America just started transitioning to automatics a lot earlier.

------
jac_no_k
I've gotten a Nissan Leaf v.2 which comes with e-pedal. Essentially single
pedal driving. Best described as someone who drove stick shift as staying in
second gear but without none of the noise. Push the pedal down and it
accelerates normally, but start lifting off and it goes from "neutral" to
"engine braking" (regenerative) all the way to a complete stop.
[https://www.nissan-
global.com/EN/TECHNOLOGY/OVERVIEW/e_Pedal...](https://www.nissan-
global.com/EN/TECHNOLOGY/OVERVIEW/e_Pedal.html)

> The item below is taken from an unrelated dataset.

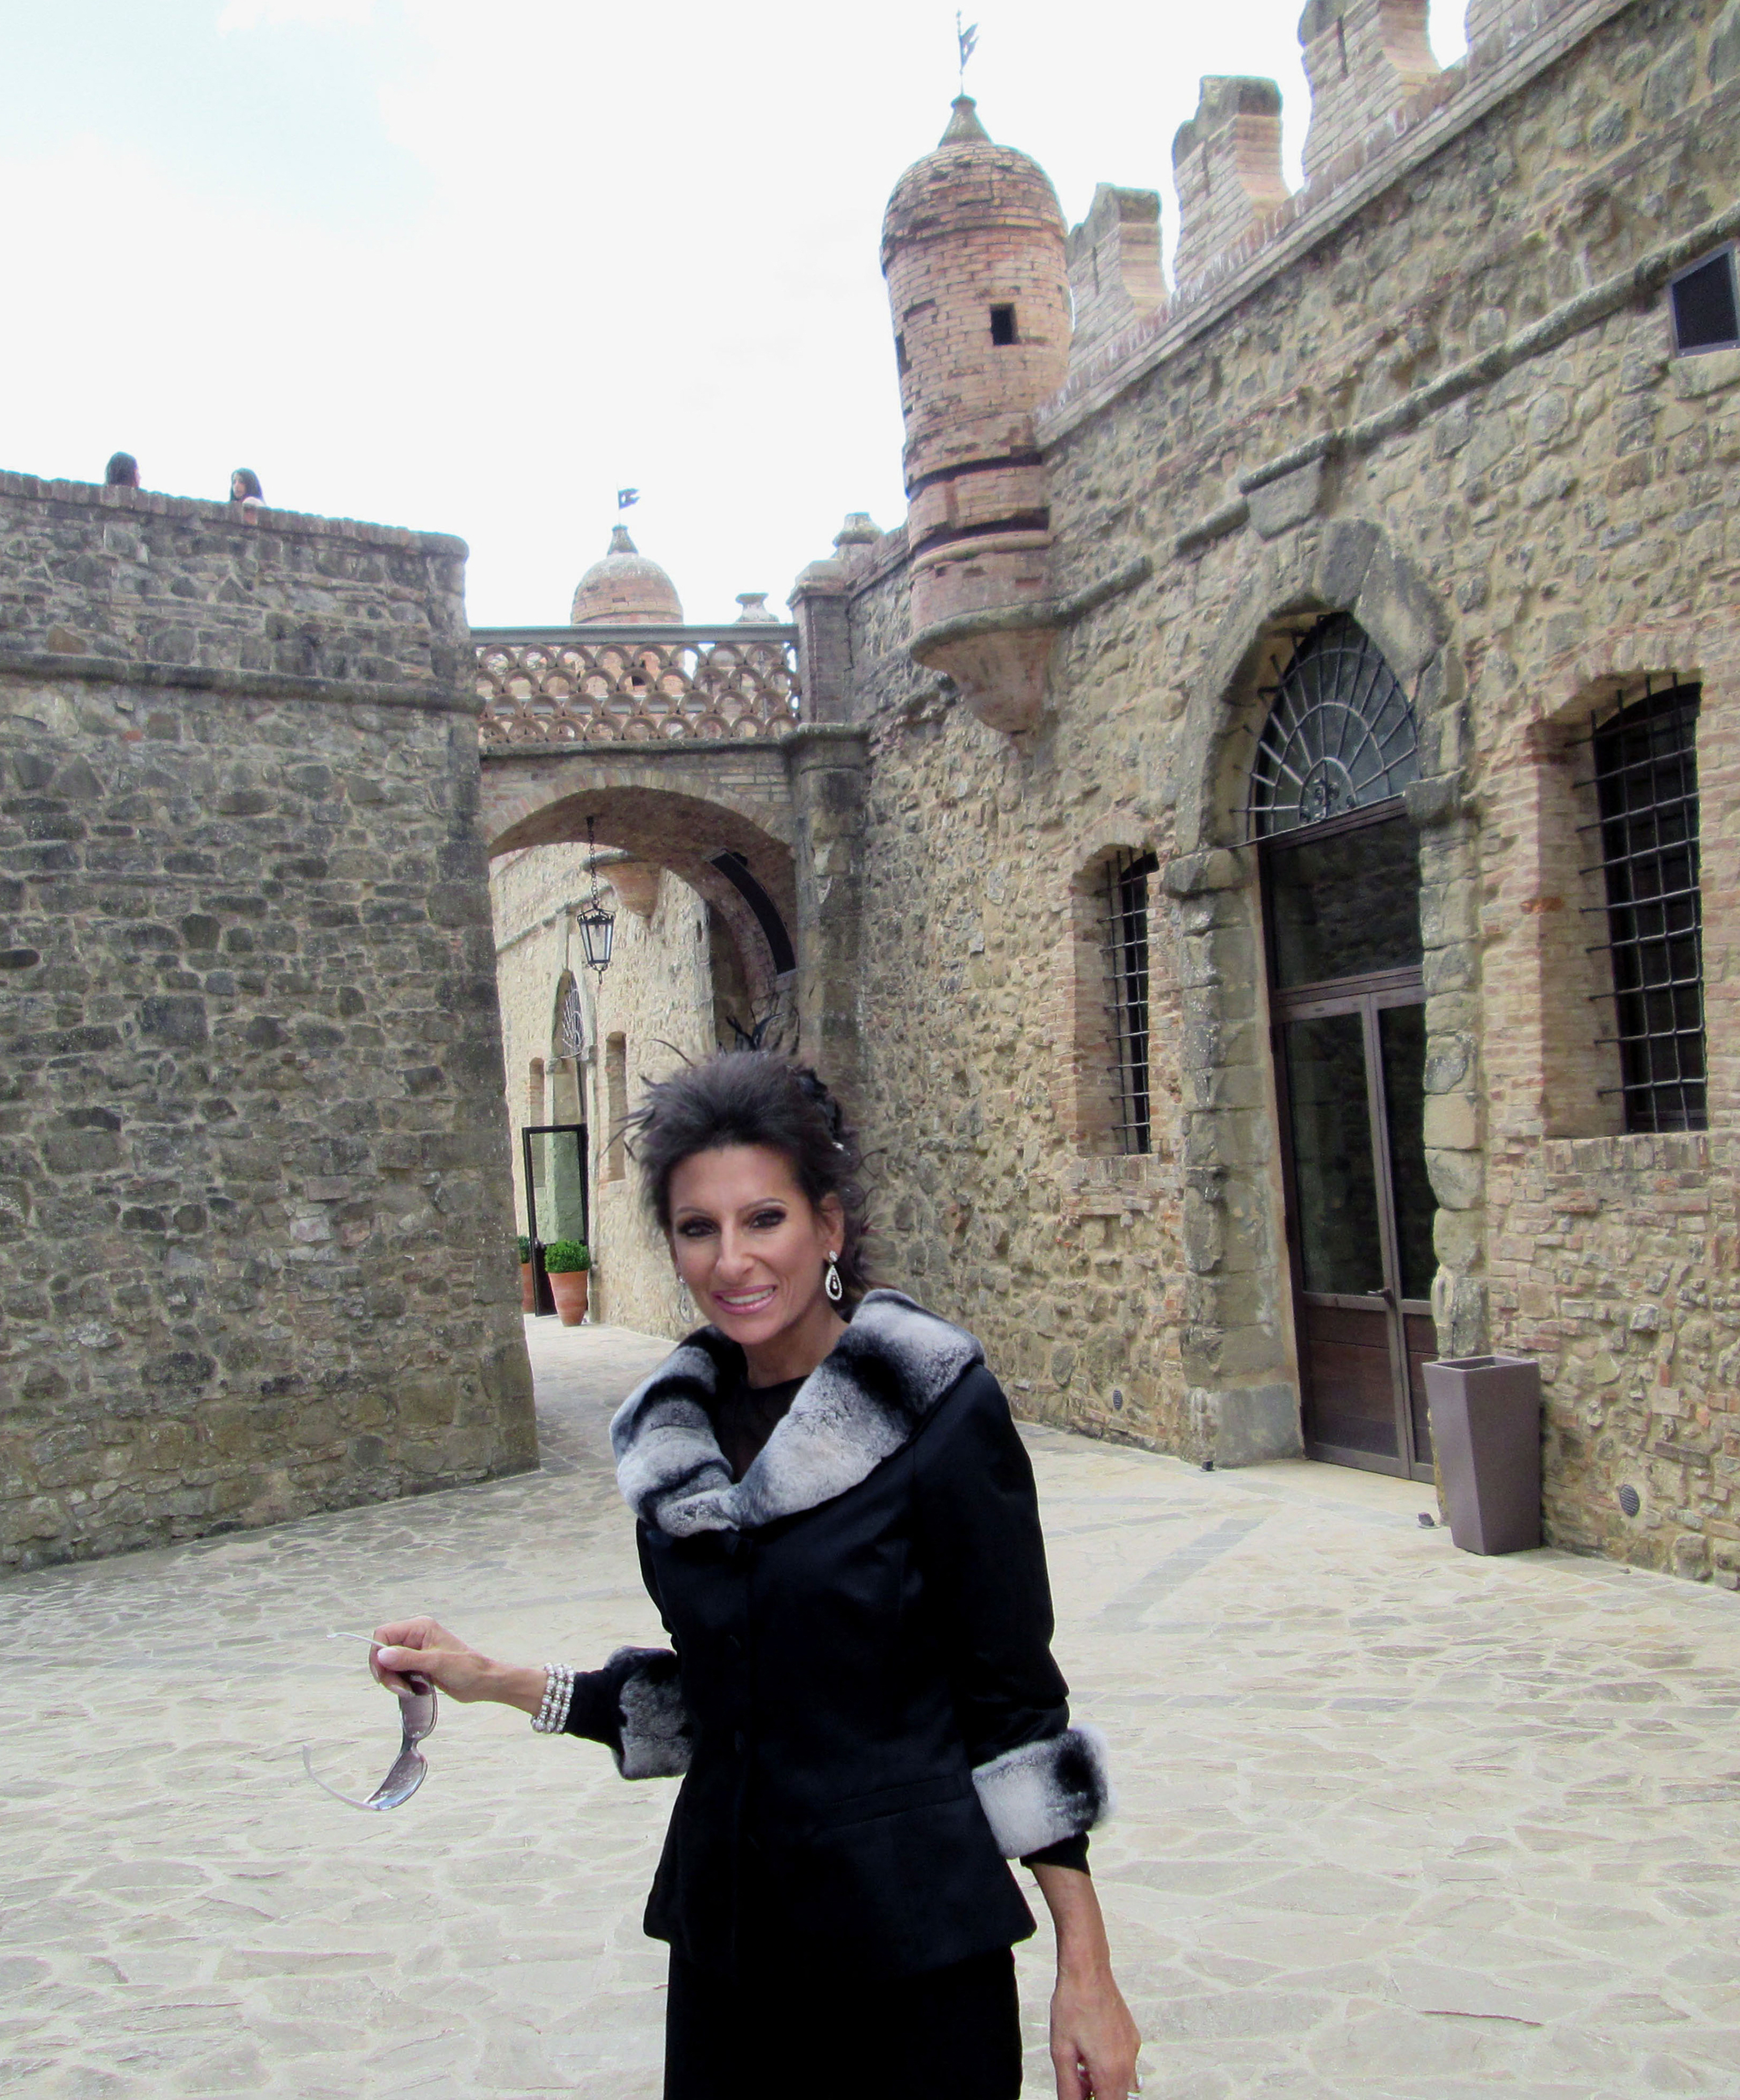 Lucia Aliberti⚘Castle of Solfagnano⚘Perugia⚘Special Event⚘Guest⚘:http://www.luciaaliberti.it #luciaaliberti #castleofsolfagnano #perugia #specialevent #guest

While I do miss doing 3 -> 2 heel toe downshift for corners, trying to figure
out when to lift off to scrub enough speed without touching the brakes for a
corner is just as entertaining.

I think shifting gears in general, whether automatics or manual, will fade out
as electric drive-trains take over.

------
deckarep
Sitting in stop and go traffic in Southern California freeways every day of
the week did it for me...

------
timewarrior
I grew up in India and loved driving stick shift. Once I moved to US, I
transitioned to Automatic.

Biggest reason I miss Stick shift is that, it just felt that I had a stronger
connection with the car and the acceleration was more predictable. With
automatic you might not be in the right gear and the car might upshift too
soon or too late.

A potential side effect of the stronger connection is that more involvement
leads to more spirited driving and potentially traffic tickets.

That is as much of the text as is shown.